*** Dataset section Section Begins ***

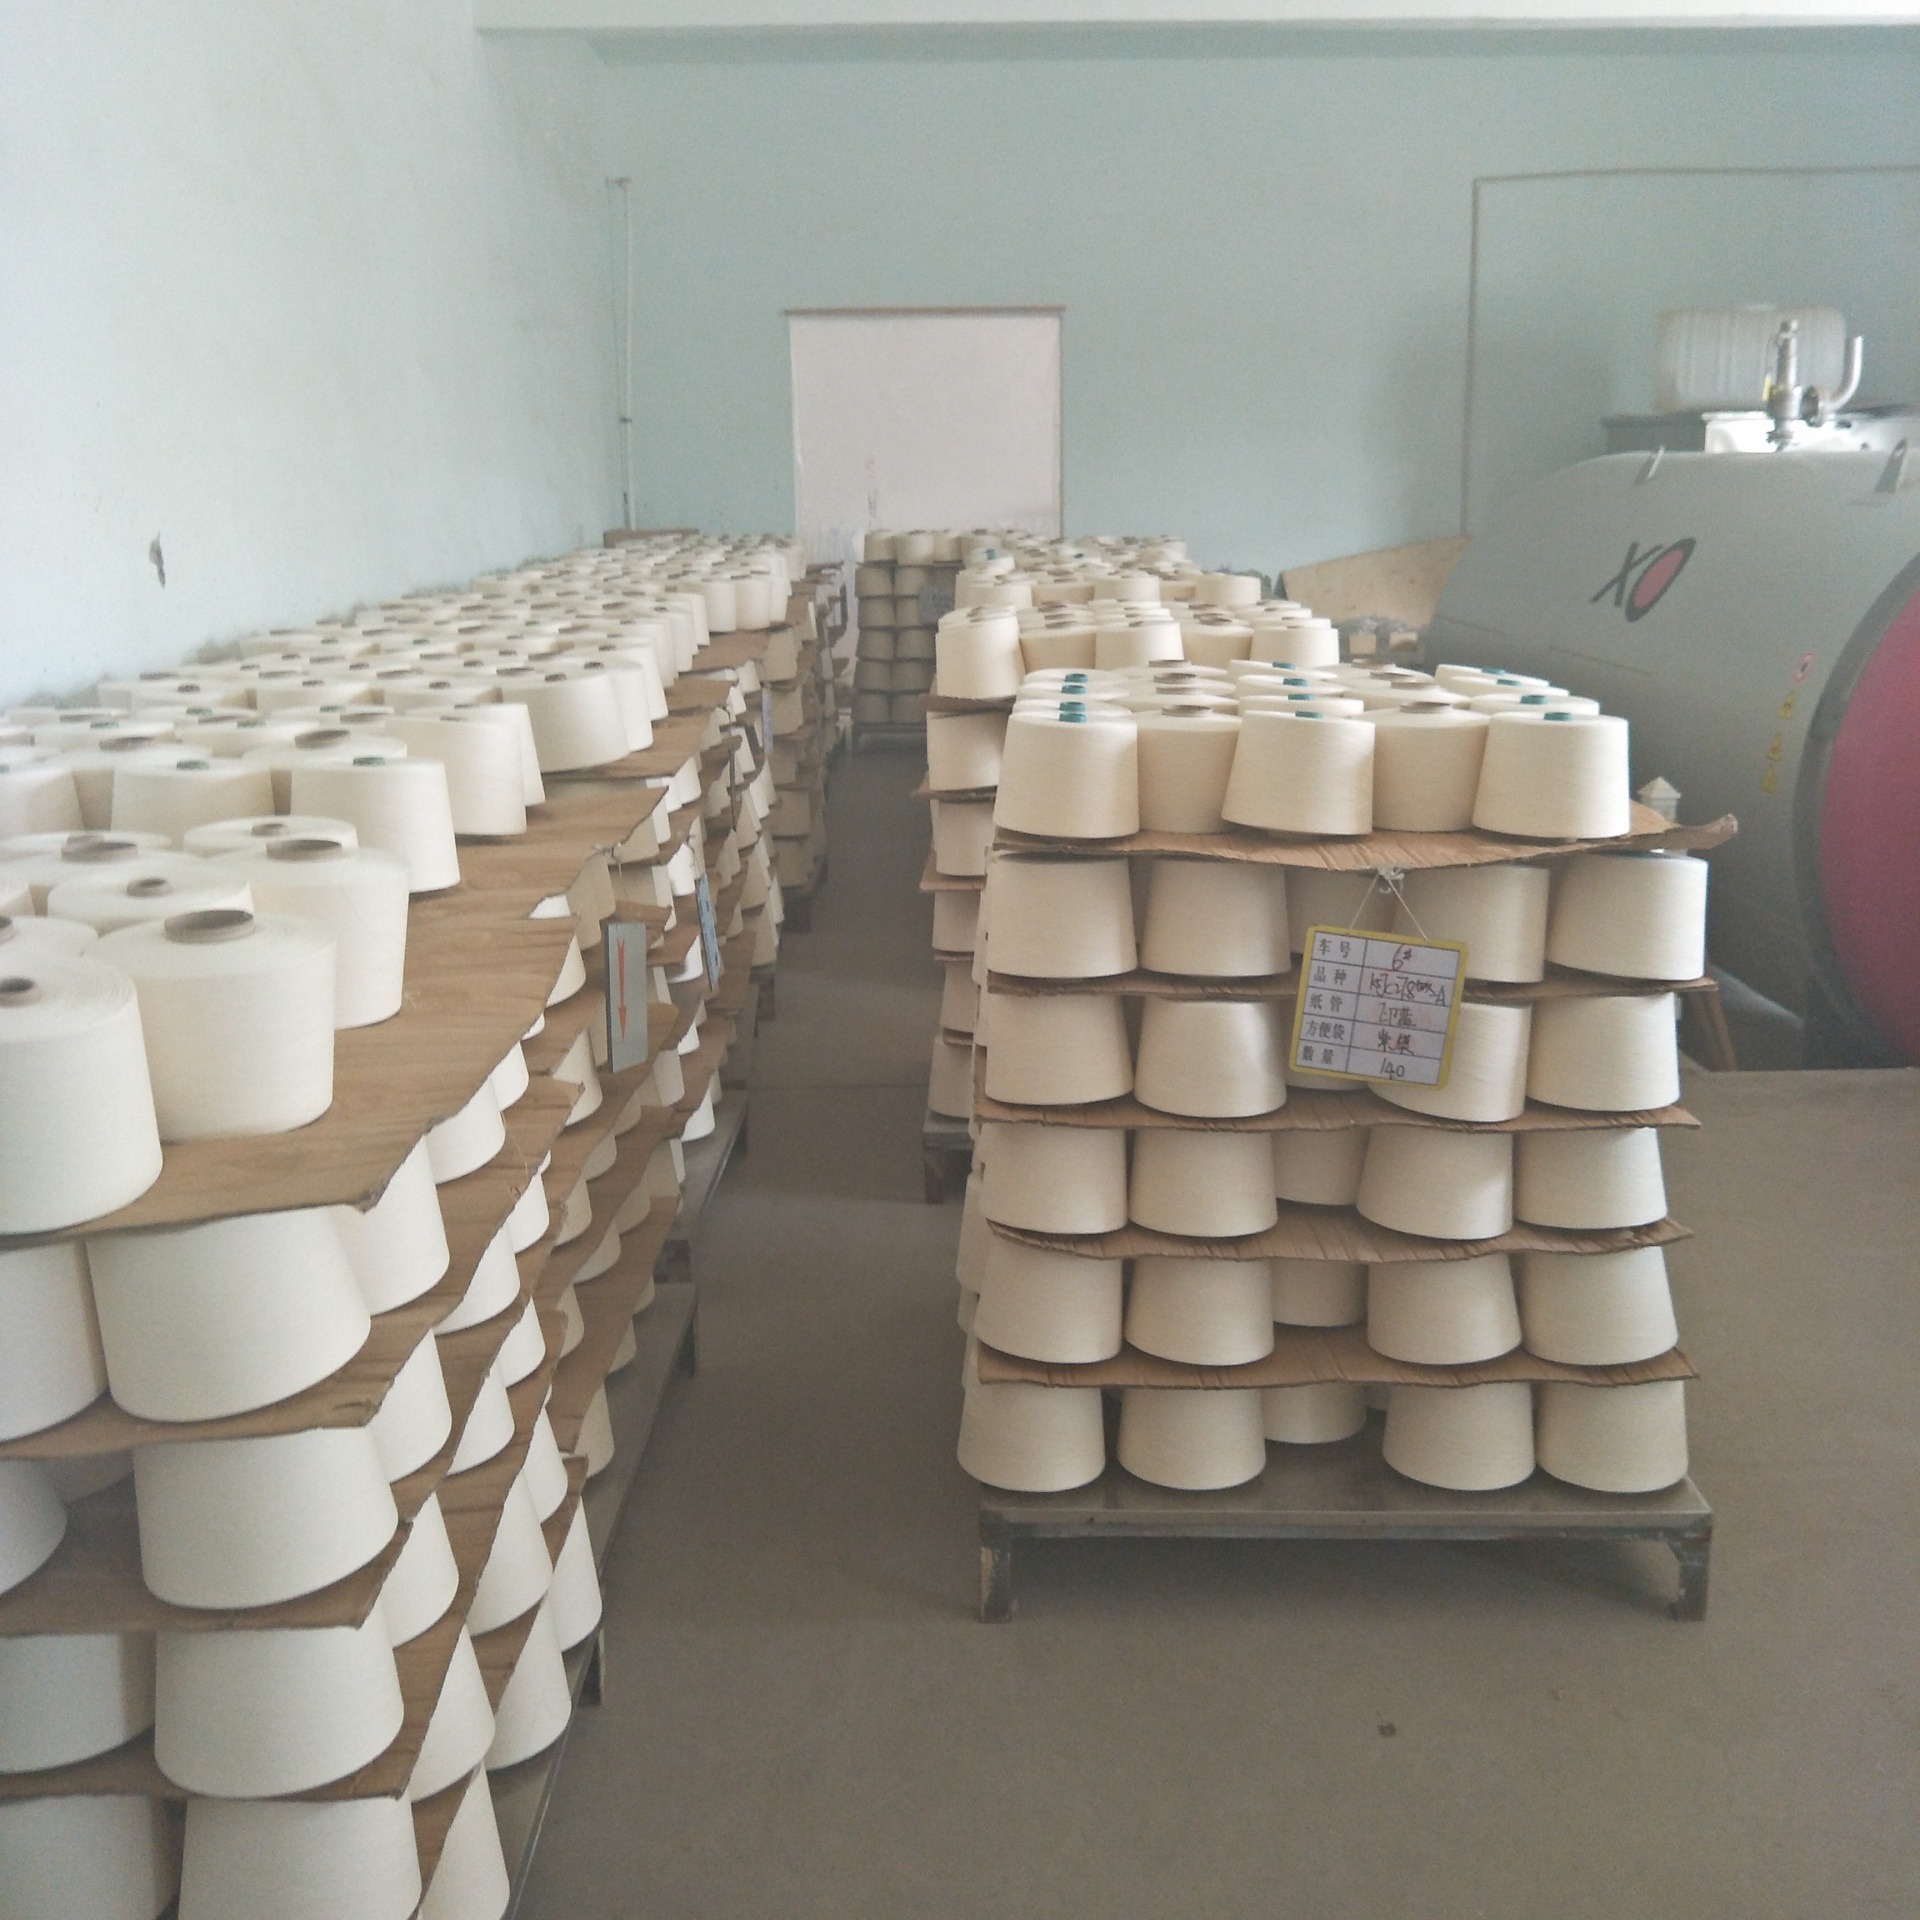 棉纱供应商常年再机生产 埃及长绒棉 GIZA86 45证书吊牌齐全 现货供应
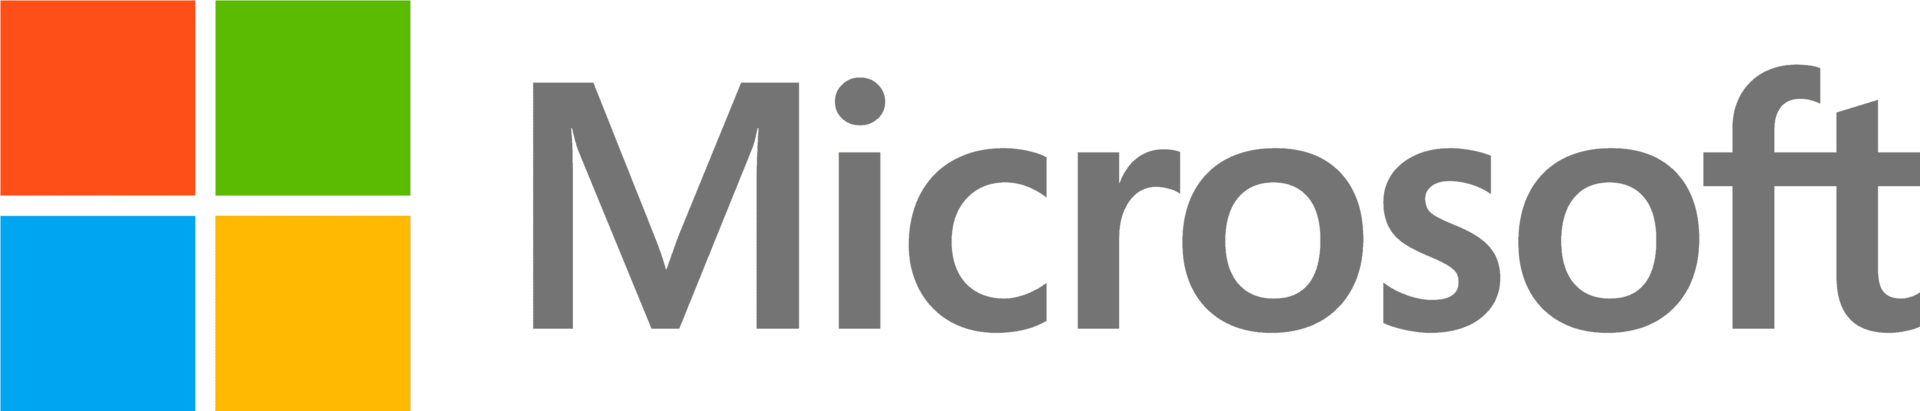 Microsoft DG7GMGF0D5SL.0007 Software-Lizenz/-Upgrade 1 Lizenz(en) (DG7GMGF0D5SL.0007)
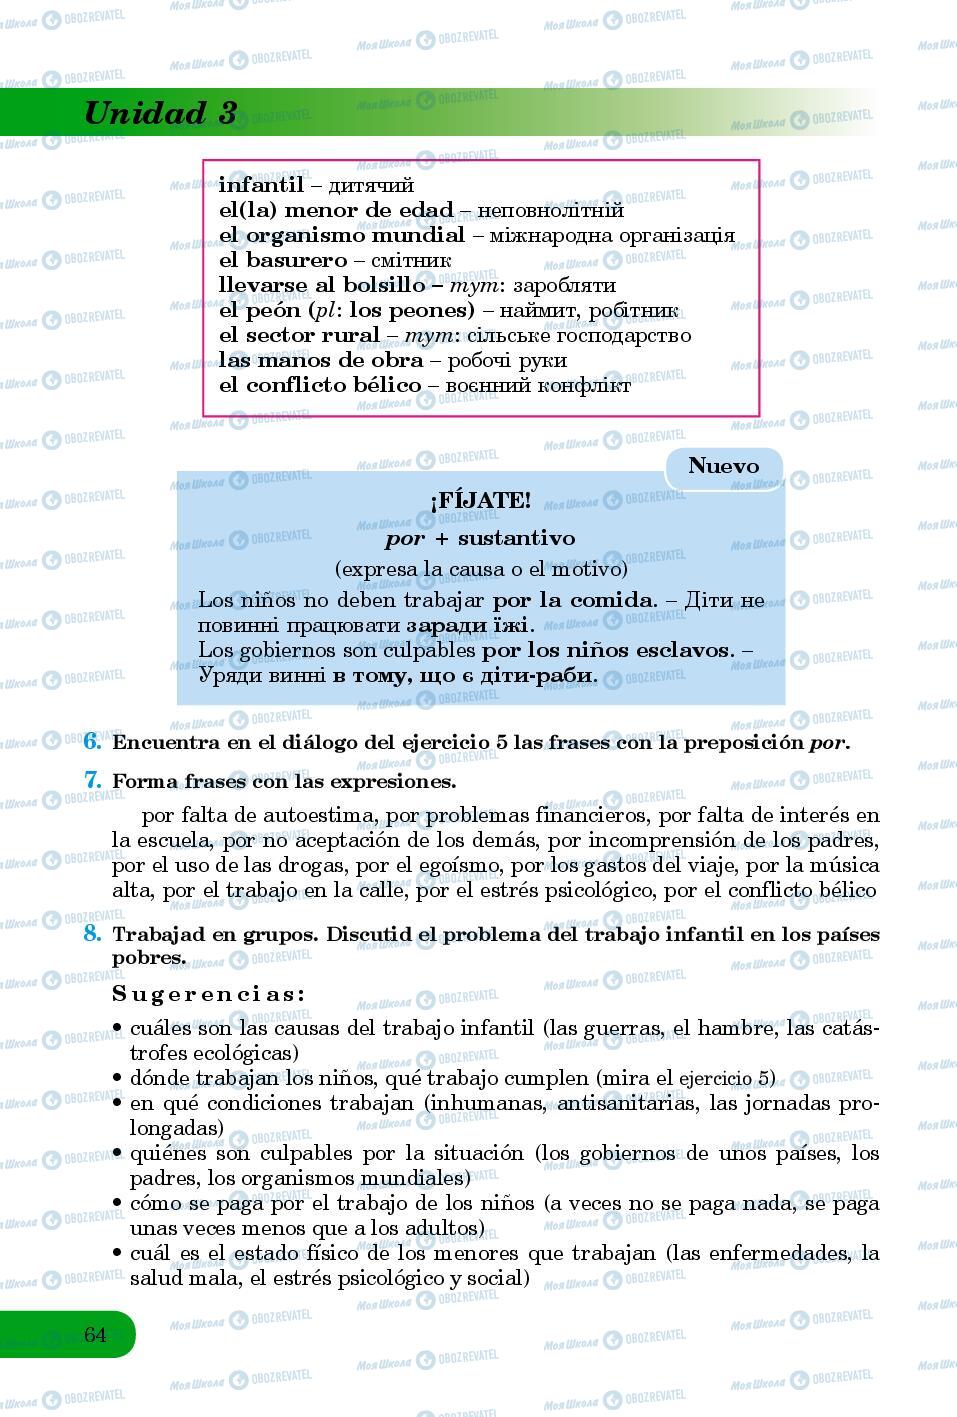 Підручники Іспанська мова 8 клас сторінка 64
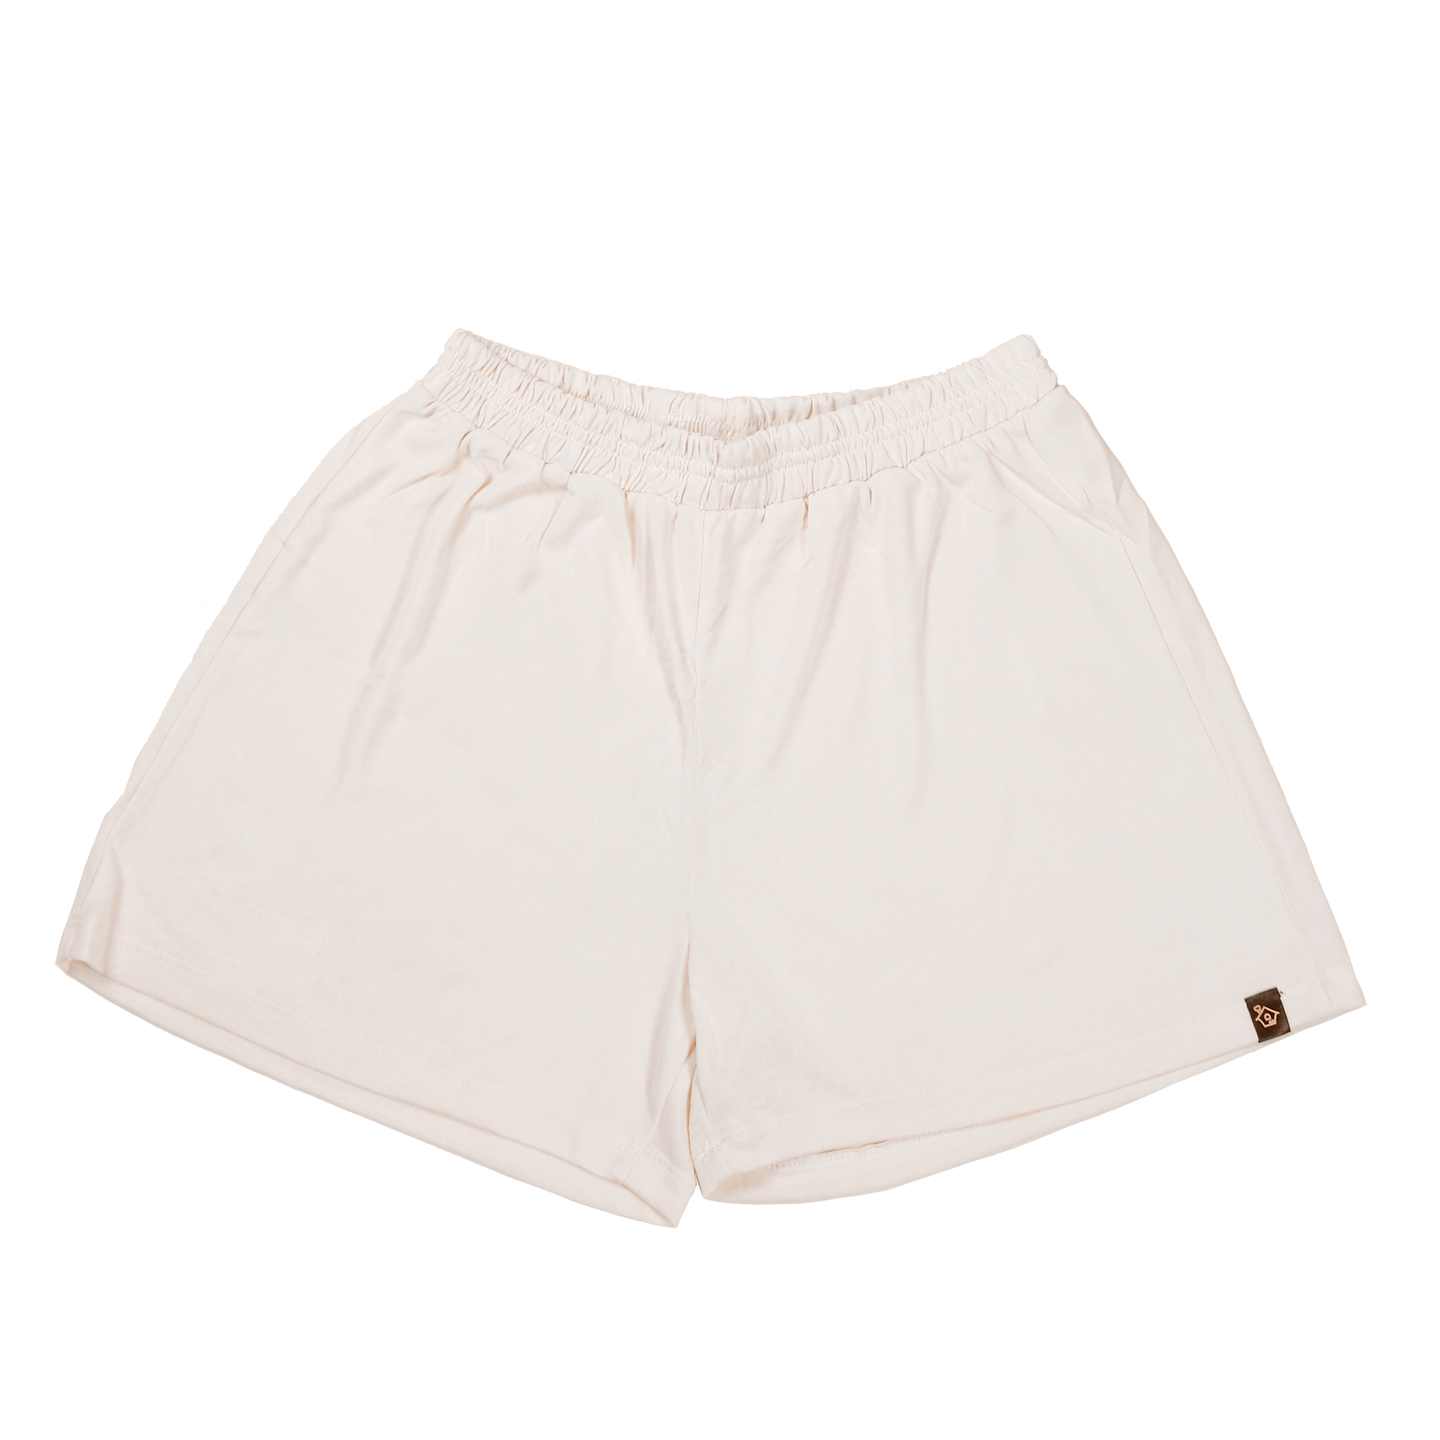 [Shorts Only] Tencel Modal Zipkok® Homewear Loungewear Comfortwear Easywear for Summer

*** Dataset section Section Ends ***

- _Required work_: Only the pictures are to be left out; all other material is to be output exactly.

- _Task response_:
 棉纱供应商常年再机生产 埃及长绒棉 GIZA86 45证书吊牌齐全 现货供应
 Microsoft DG7GMGF0D5SL.0007 Software-Lizenz/-Upgrade 1 Lizenz(en) (DG7GMGF0D5SL.0007)
 Підручники Іспанська мова 8 клас сторінка 64
 [Shorts Only] Tencel Modal Zipkok® Homewear Loungewear Comfortwear Easywear for Summer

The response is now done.